The Raiders' forward pack lifted in defensive intensity, and the green machine were choking off New Zealand's attacking flair. Admittedly, Canberra themselves did not look likely, and as the game entered the last five-minute stretch, the Raiders would end with a respectable, if bitter, eight-point loss.
Then in a most chaotic three-minute passage, Canberra got a gift penalty, marched down the field, and Elliott Whitehead charged over. The margin dropped to four points. There was a minute left in the game, however - there was no chance the Raiders could march 90 meters up the field to score.
In a slick move to the left, Jack Wighton burst through the defensive line and shook off CNK to dive over in the corner. Canberra had looked anaemic all game. But here they were, scores level, with a kick to win it.
Sadly, "inside left post" didn't quite do it. We would be going to golden point.
Spoiler alert, Jamal Fogarty slightly misplaced a kick and the "Wahs" took their seven tackle set all the way to Canberra's thirty, where Shaun Johnson easily slotted the field goal.
All over, red rover.
I was disappointed, but considering the job the Warriors did on the Raiders the last time these two sides met, it shows a marked improvement on that performance. Even if you exclude the two miracleball tries at the end (which don't count as junk time), it's a much improved defensive effort.
I am a little bitter about the no-try call on Seb Kris, but whining about that isn't going to help in any way, shape, or form. We move on.
That loss does make it tricky for Ricky's prophecy from last year to come true. Canberra's run home is firmly mid, with games against the Knights, Tigers, Bulldogs, Broncos, Storm, and Sharks. Despite all of Canberra's efforts to this point, they need to roll up their sleeves and keep on going. It's unlikely, but if the Raiders can pick off five of the last six, they'll sneak into the top four.
As for the Warriors, Andrew Webster's done a fantastic job with that side and as much as I'm cross with the Warrior fanbase (more on that in a moment) I think it's a good thing for Rugby League across the ditch that their side is doing so well. Much like the Broncos being a quality team is important for the health of rugby league in Queensland, so too is the need for the Warriors to play well in order to keep Rugby Union from swallowing it whole.
So to see players like Shaun Johnson and CNK come back because they love New Zealand and the Warriors, and play so well - it brings a smile to my heart.
It's also pleasing to see players who want to play for the Warriors.
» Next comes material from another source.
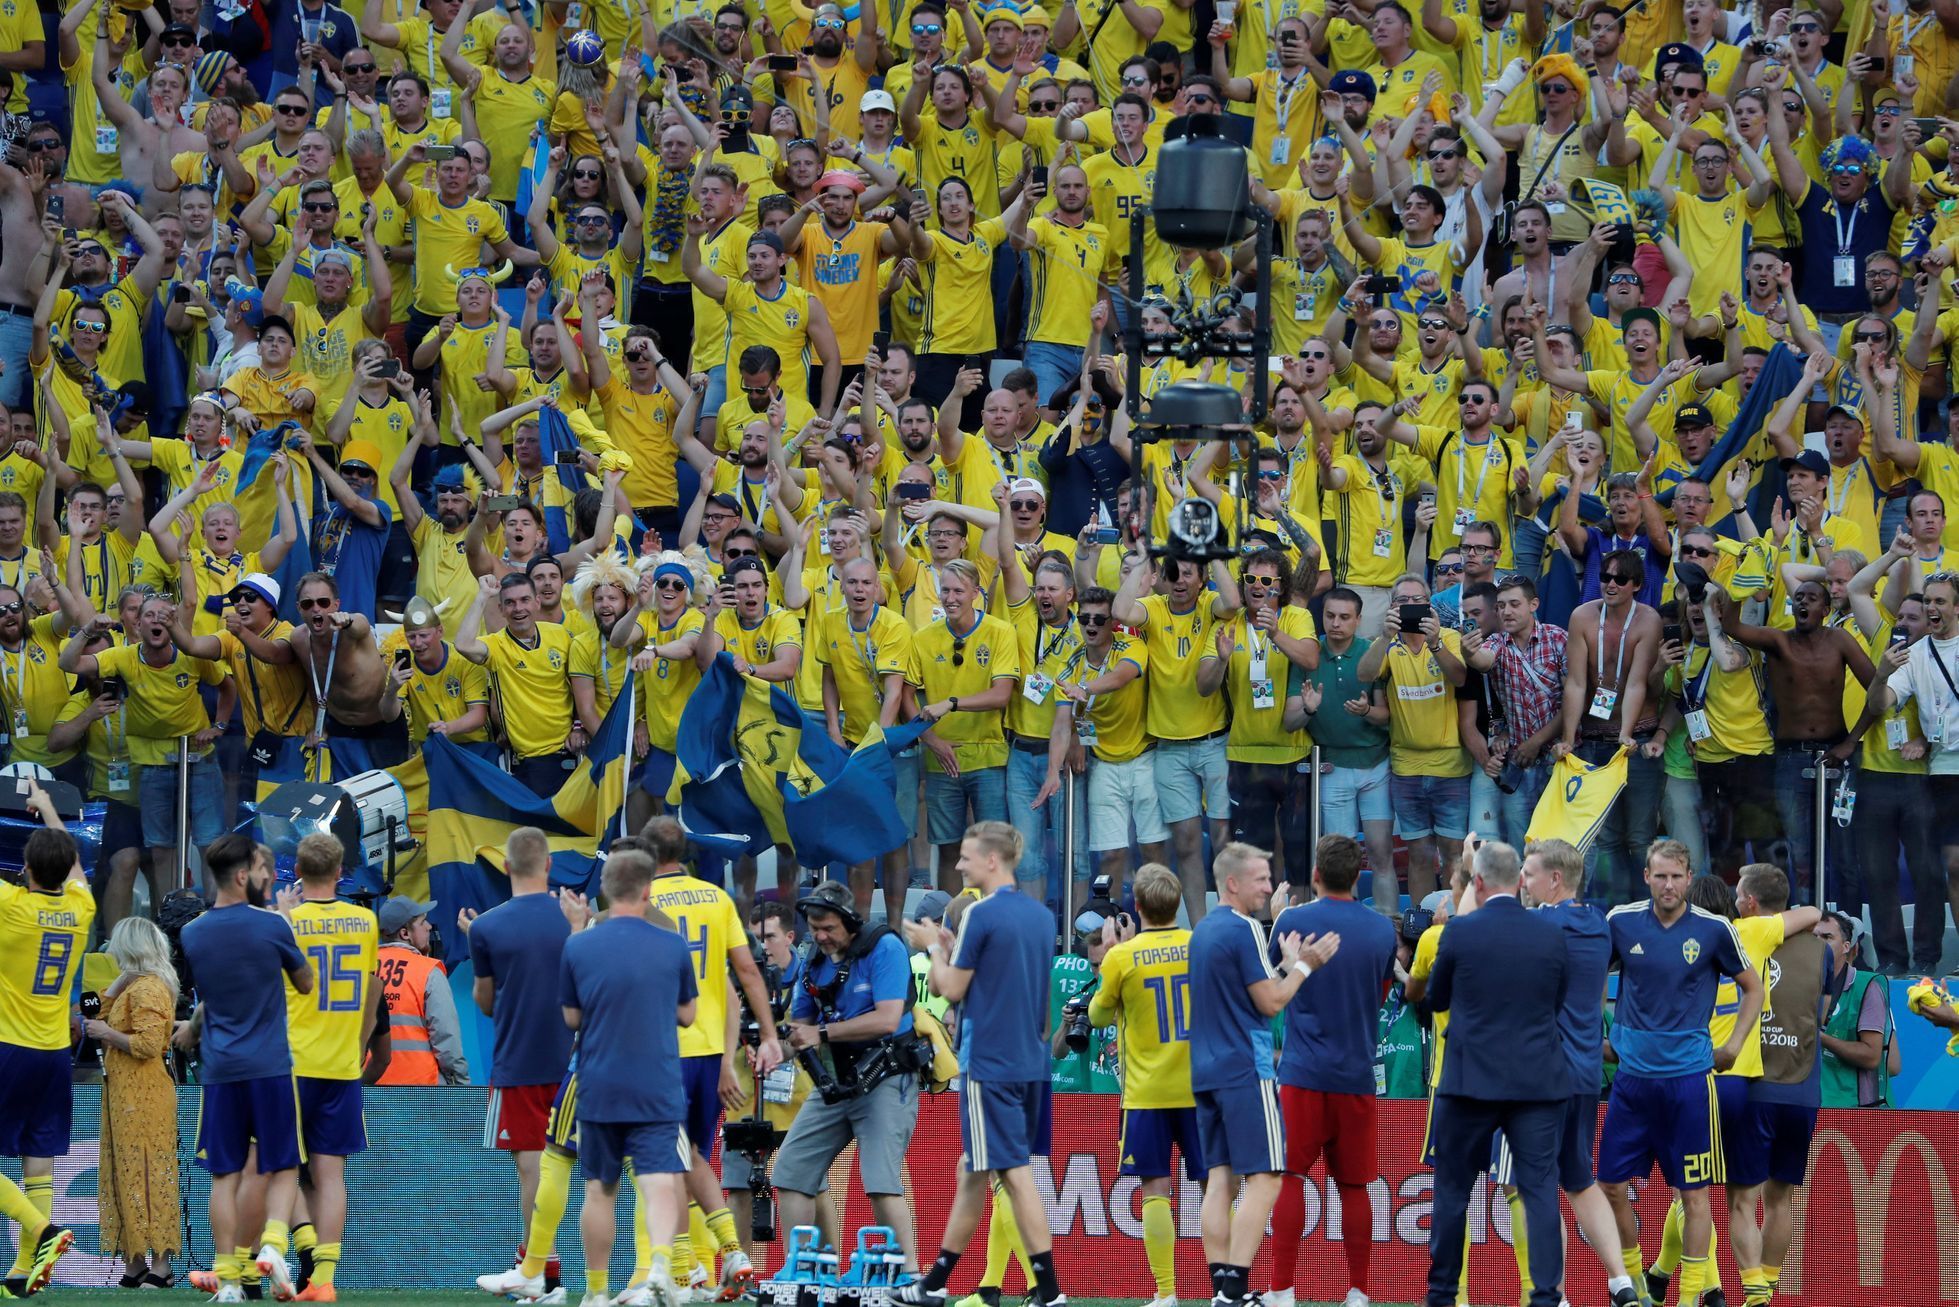 MS ve fotbale 2018: Radost fotbalistů Švédska

During COVID when the Warriors sacrificed so much, there was no shortage of opportunist players who signed up, thinking they'd never have to go across the ditch. Then COVID settled, and suddenly players and coaching staff couldn't wait to get out of there. Absolute scum.
And whilst I'm glad that unhappy chapter in the club's history is behind them, there are some sins that shall not go unpunished.
Hey, Warriors fans. You might have short memories, but I don't. It wasn't that long ago when your club released CNK. We built him into the superstar we gave back to you, and I had no shortage of Warriors fans tell me how New Zealand made the right decision letting him go, because he was a worse winger than David Fusitu'a and Ken Maumalo.
So keep holding up those "Ricky you can't have him back", but never forget you didn't want him in the first place. We wanted him, we built him up, and gave him back to you, in spite of yourselves.
That's all for this week. Canberra play the Knights in the NRL and the Roosters in te NRLW. I will be watching those games on my phone, because I have opted to play in a local Warhammer tournament, but I will be keeping my fingers crossed.